Reactions: Like 3 | Agree 1


----------



## sabrefm1 (4/3/14)

and just to put the word out there, vaping does not mess your tonsils up, before some cigarette lover reads this and thinks vaping is worst than analogues. otherwise more vapers will be removing their tonsils lol

Reactions: Like 1


----------



## Reinvanhardt (4/3/14)

sabrefm1 said:


> will prob focus on my mountain biking and spend the rands on their now lol.



Mmmmm... another fun addiction for sure! Herewith the mountain biking version of ecigssa. 

thehubsa Check them out. An awesome bunch of folks with a wealth of information.

Reactions: Like 1


----------



## sabrefm1 (4/3/14)

thanks will check them out, done my first comp on sat the argus 22km, hopefully can use the money from my ecig addiction and upgrade my bike

Reactions: Like 2


----------



## Reinvanhardt (4/3/14)

sabrefm1 said:


> thanks will check them out, done my first comp on sat the argus 22km, hopefully can use the money from my ecig addiction and upgrade my bike



 Great stuff! Once you're hooked, your're HOOKED! From what I've read there are quite a large amount of epic trails in the Cape area, definitely one of the best locations world wide. Just be wary... you're car might not be you're most valuable piece of transportation much longer. Lol!

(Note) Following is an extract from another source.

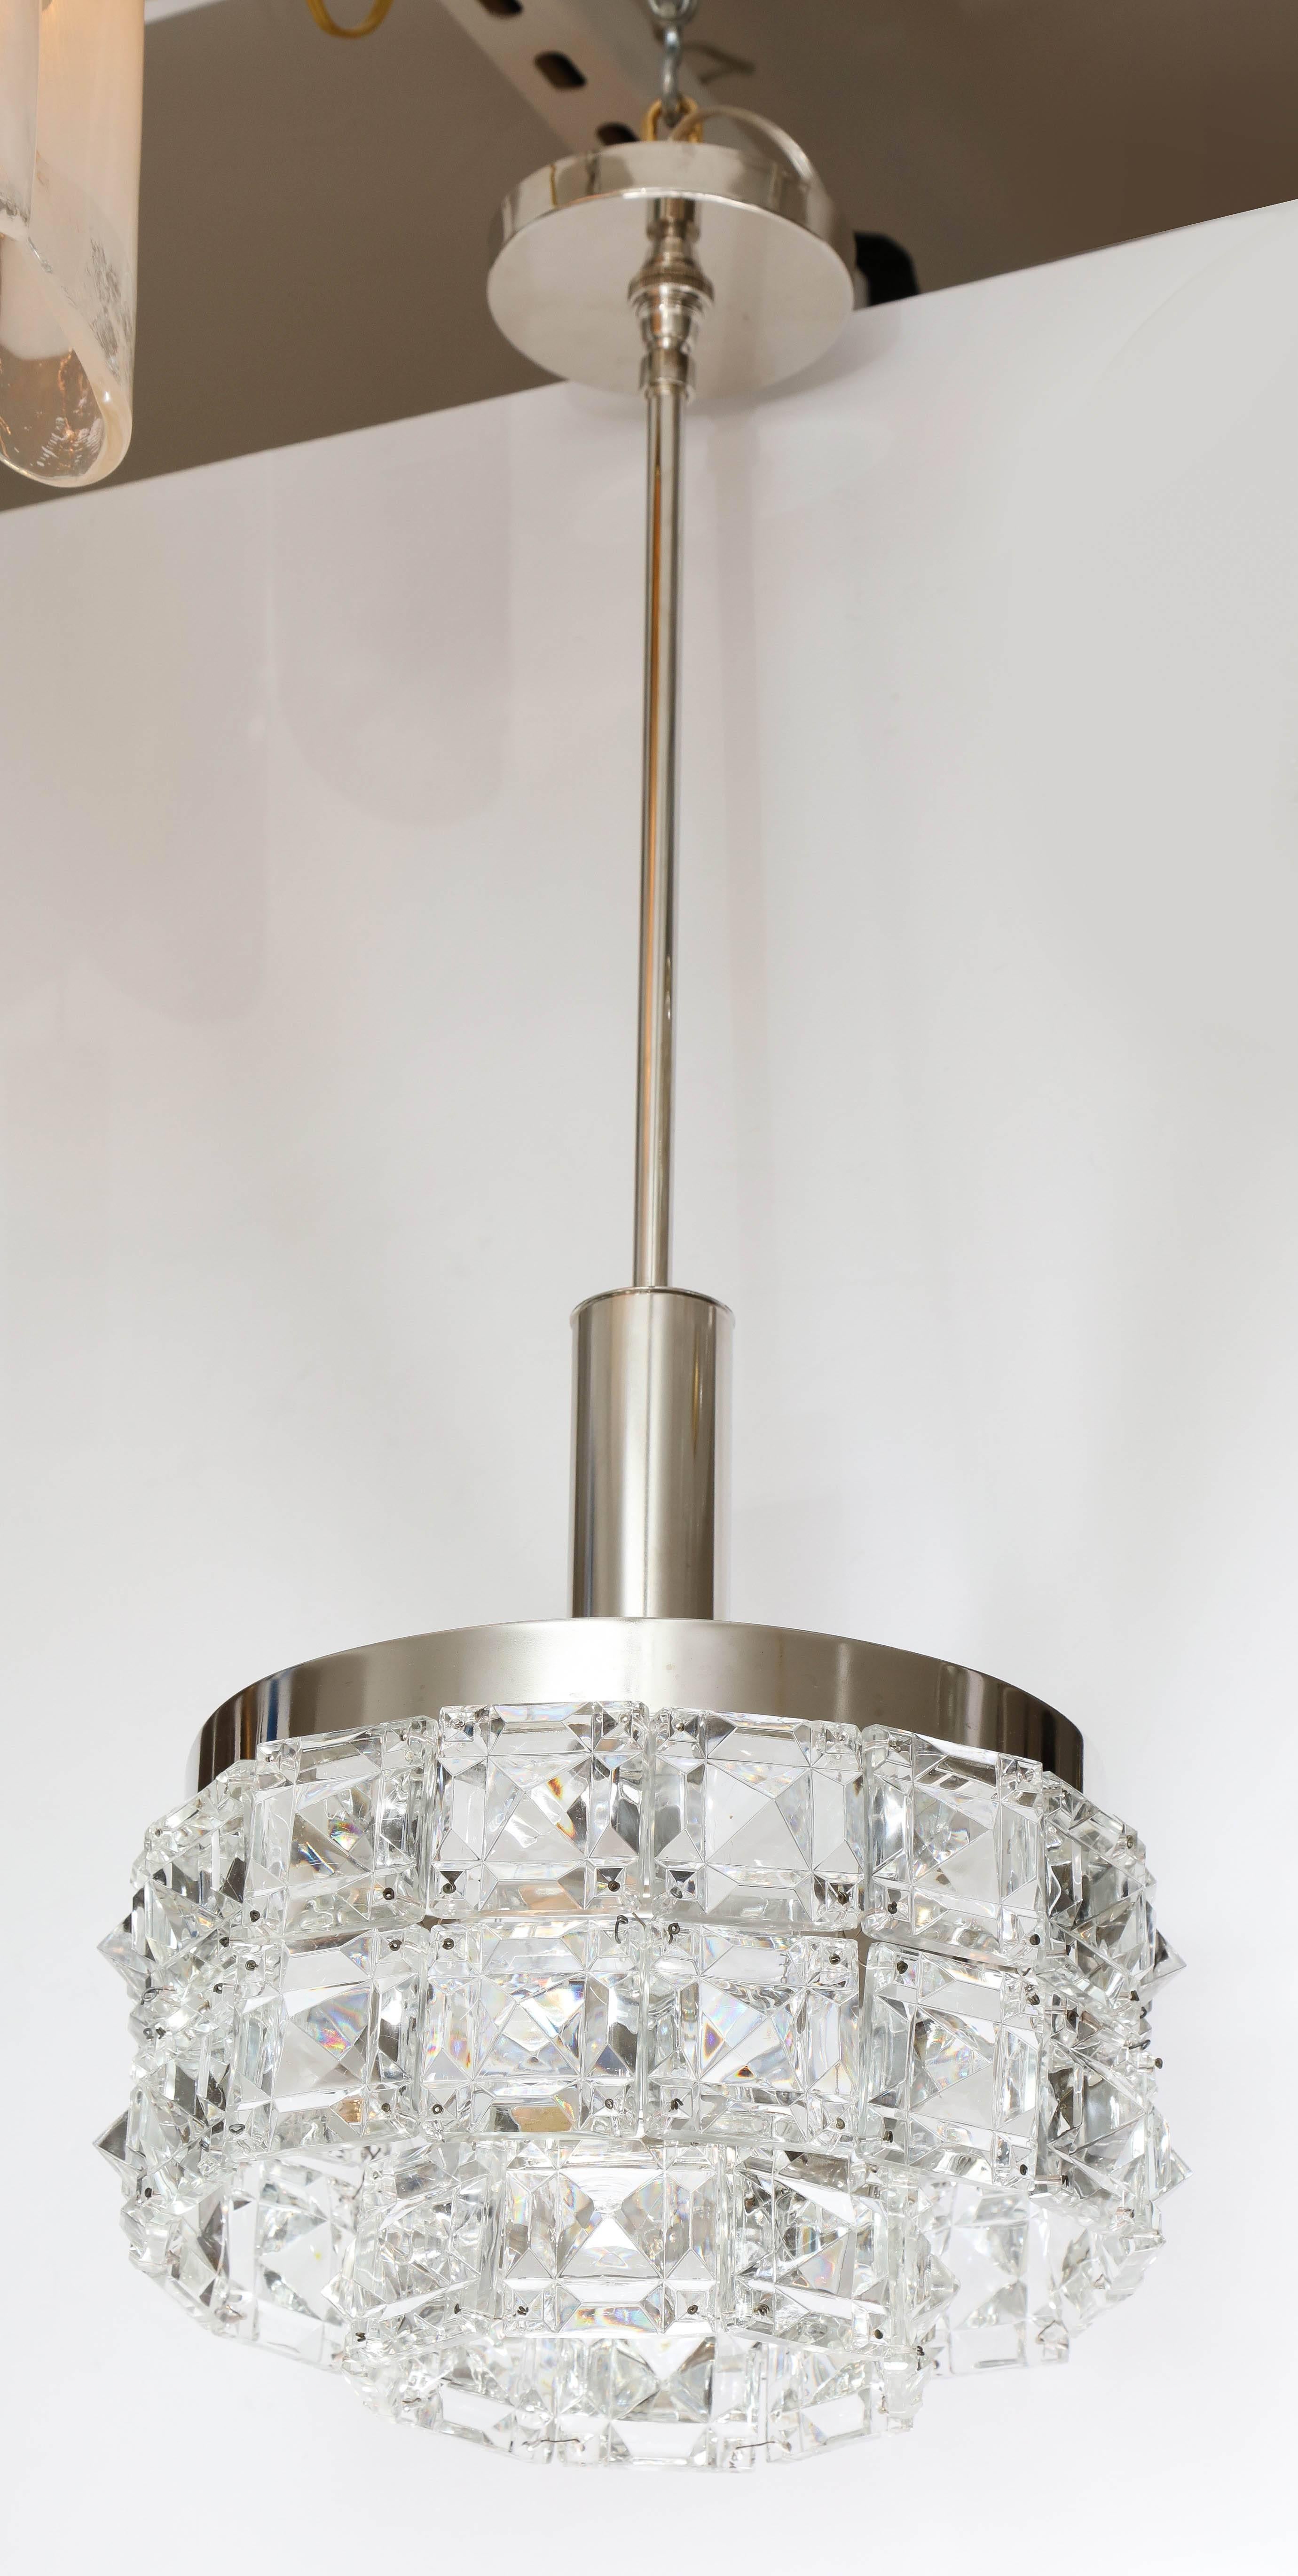 Early Kinkeldey chandelier with deep cut square crystals on a polished nickel stem and canopy. Rewired for use in the USA. Uses one standard bulb. Chandelier body is 7.5 inches tall.

Congrats on the 22k Argus!


----------



## sabrefm1 (4/3/14)

Reinvanhardt said:


> Great stuff! Once you're hooked, your're HOOKED! From what I've read there are quite a large amount of epic trails in the Cape area, definitely one of the best locations world wide. Just be wary... you're car might not be you're most valuable piece of transportation much longer. Lol!
> 
> Congrats on the 22k Argus!




thanks, well the wife already complaining about all the dirt in the car. as i drop the back seats and cart my bike inside of car, in the future will get a small bakkie to transport my bike. but my favorite spot is tokia

Reactions: Like 2


----------



## Silver (6/3/14)

Congrats on stopping nicotine altogether @sabrefm1 !
Do you still crave it?

Do pop in on the forum in a while and let us all know how its going.

All the best.
Respect


----------